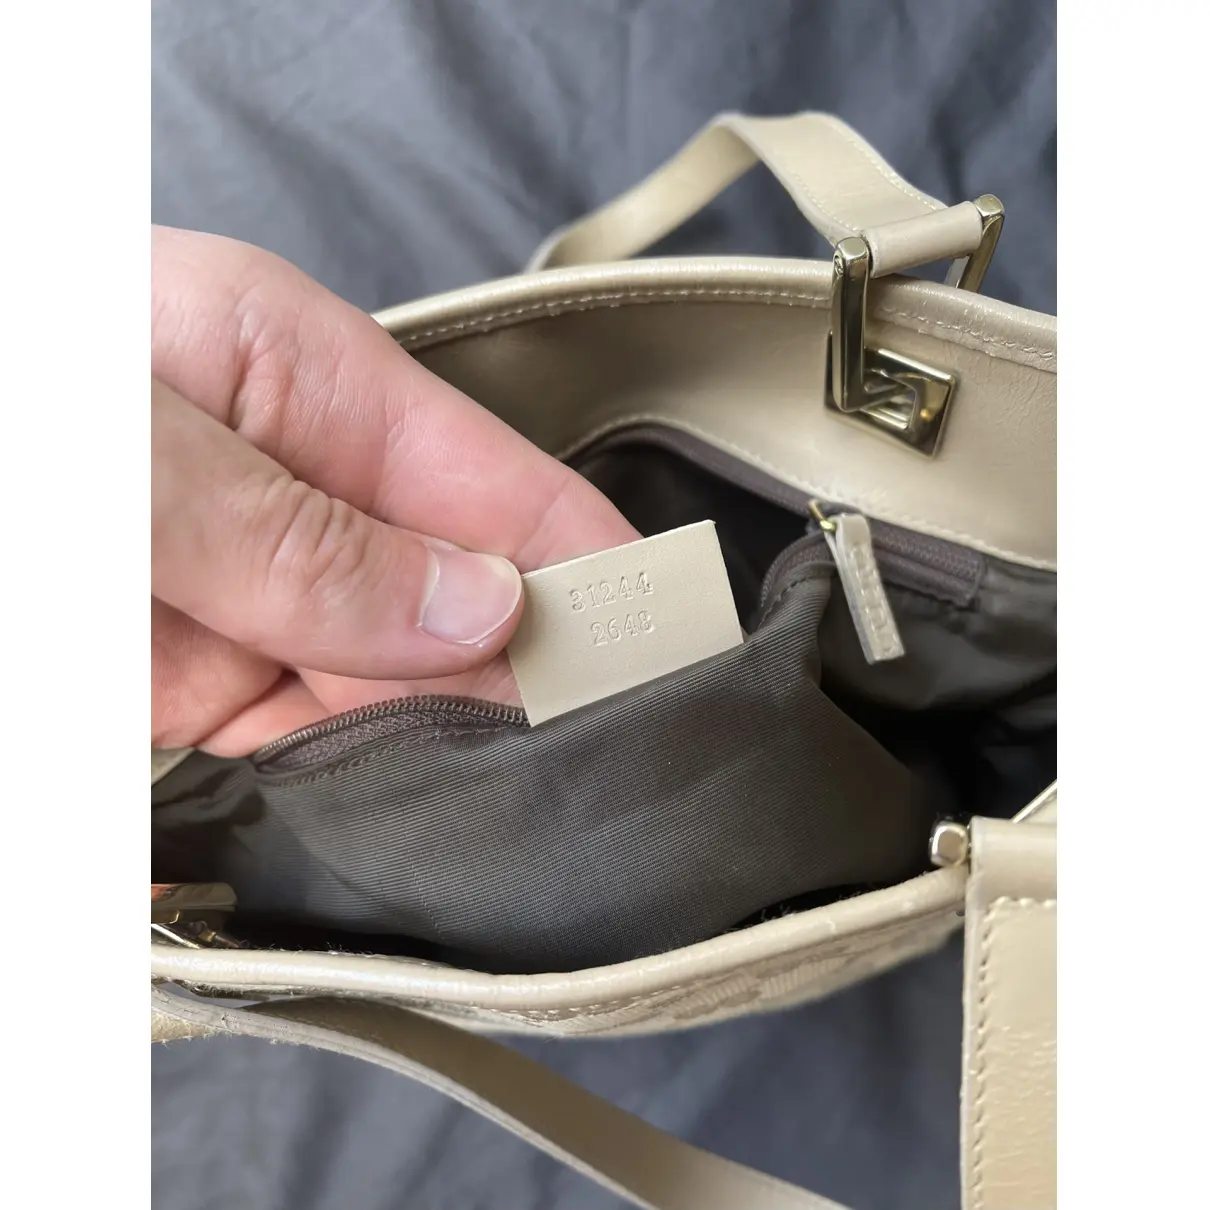 Buy Gucci Eclipse cloth handbag online
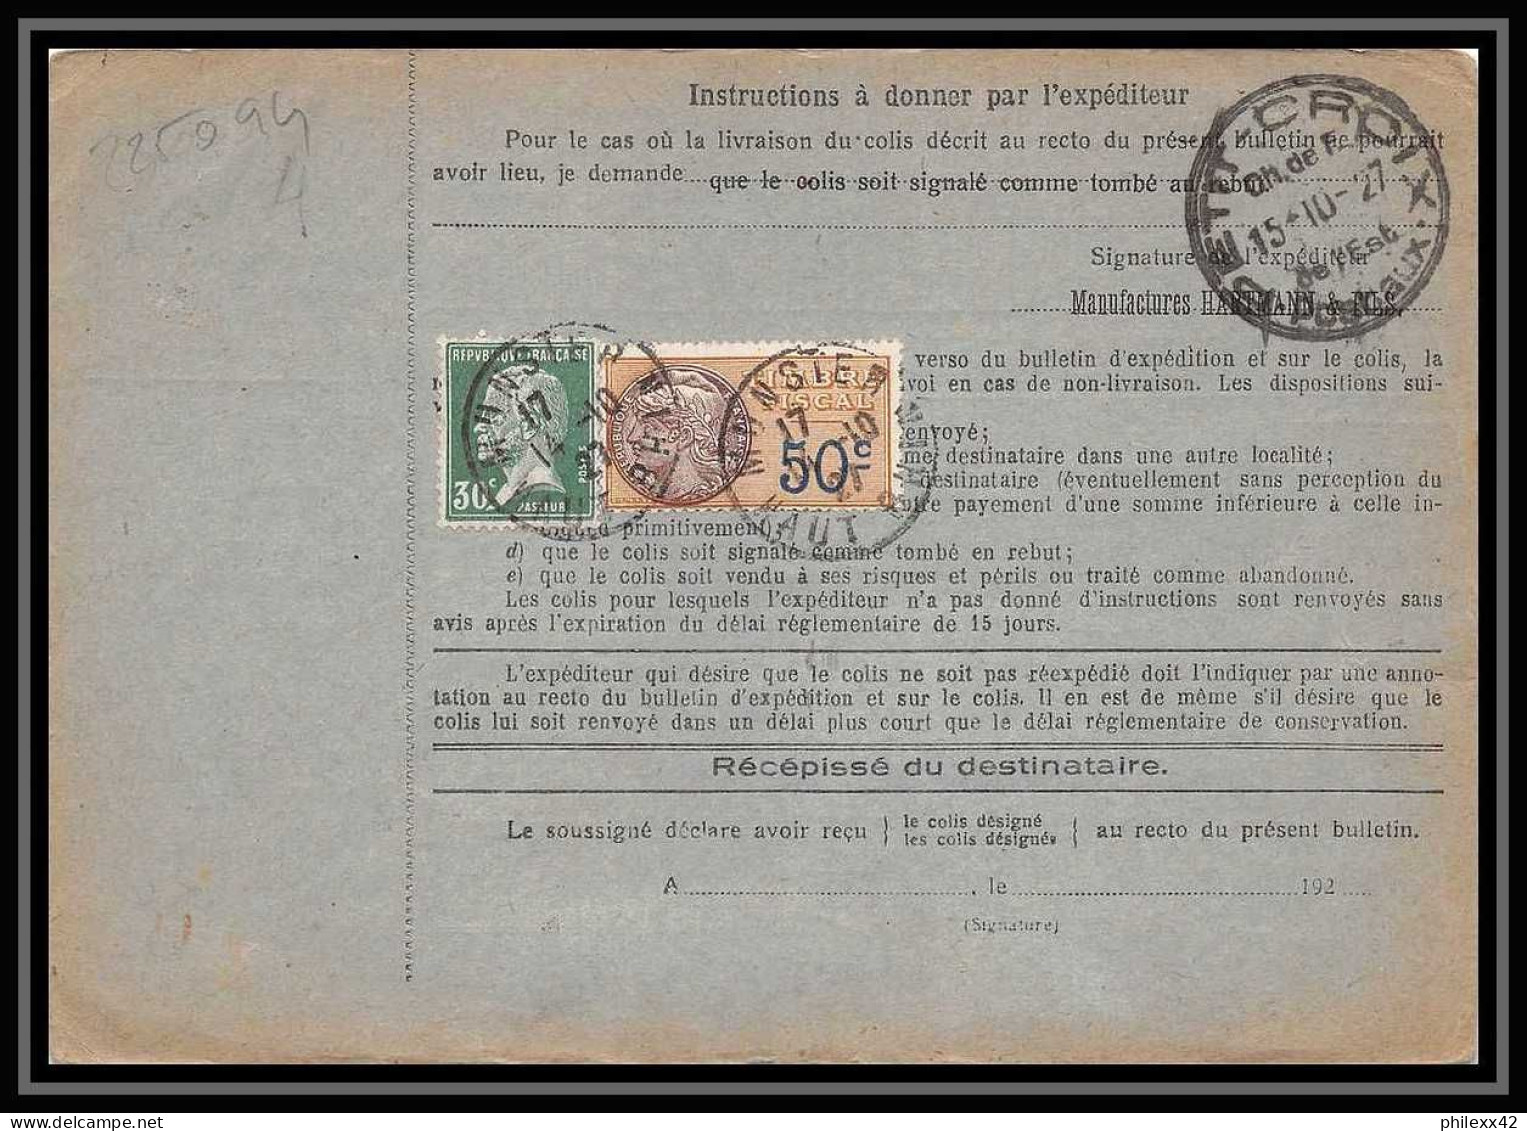 25094 Bulletin D'expédition France Colis Postaux Fiscal Haut Rhin - 1927 Munster Semeuse + Merson 123 Valeur Déclarée - Storia Postale
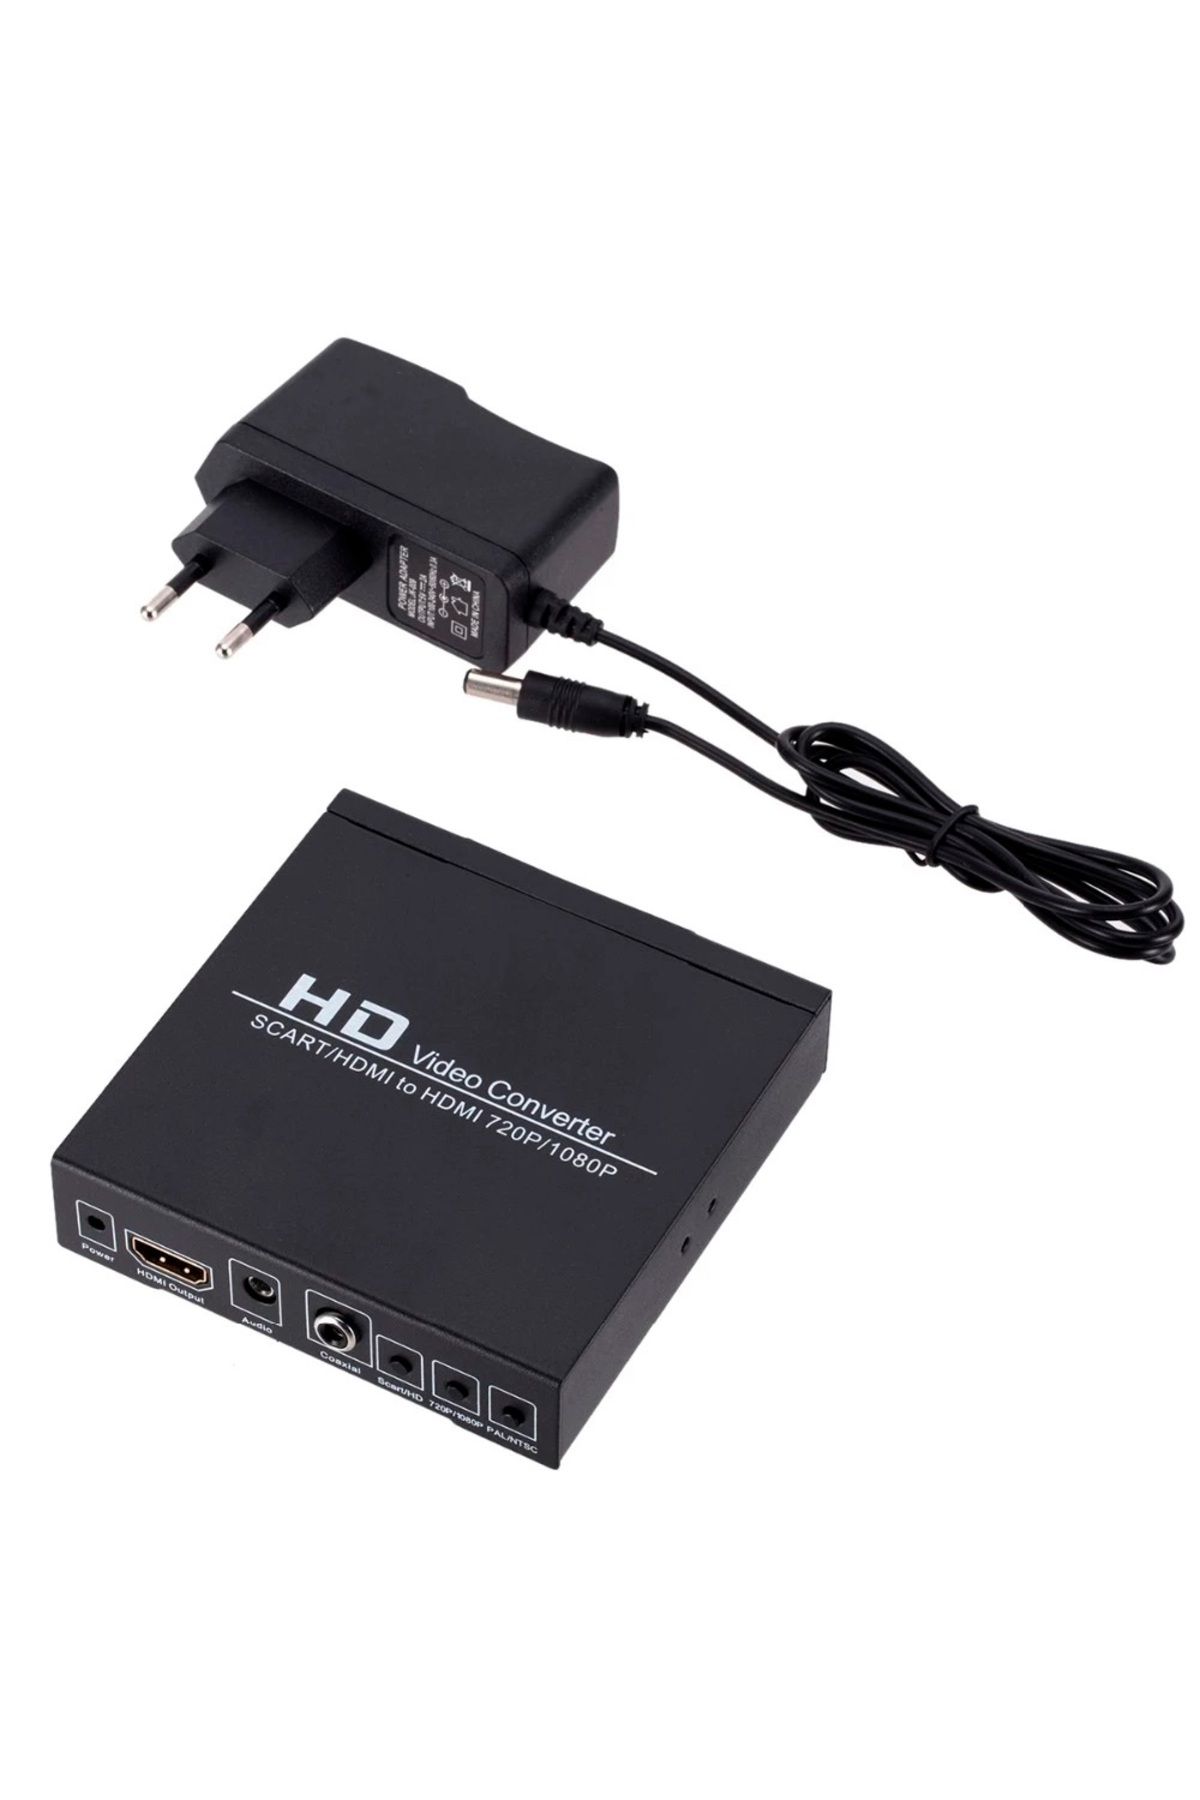 Powermaster PM-14366 ADAPTÖRLÜ SCART-HDMI TO HDMI ÇEVİRİCİ DÖNÜŞTÜRÜCÜ KONVERTÖR

:: Assignment ::
With the pictures left out, return the listing above exactly as it stands.

:: Task output ::
 Buy Gucci Eclipse cloth handbag online
 25094 Bulletin D'expédition France Colis Postaux Fiscal Haut Rhin - 1927 Munster Semeuse + Merson 123 Valeur Déclarée - Storia Postale
 Powermaster PM-14366 ADAPTÖRLÜ SCART-HDMI TO HDMI ÇEVİRİCİ DÖNÜŞTÜRÜCÜ KONVERTÖR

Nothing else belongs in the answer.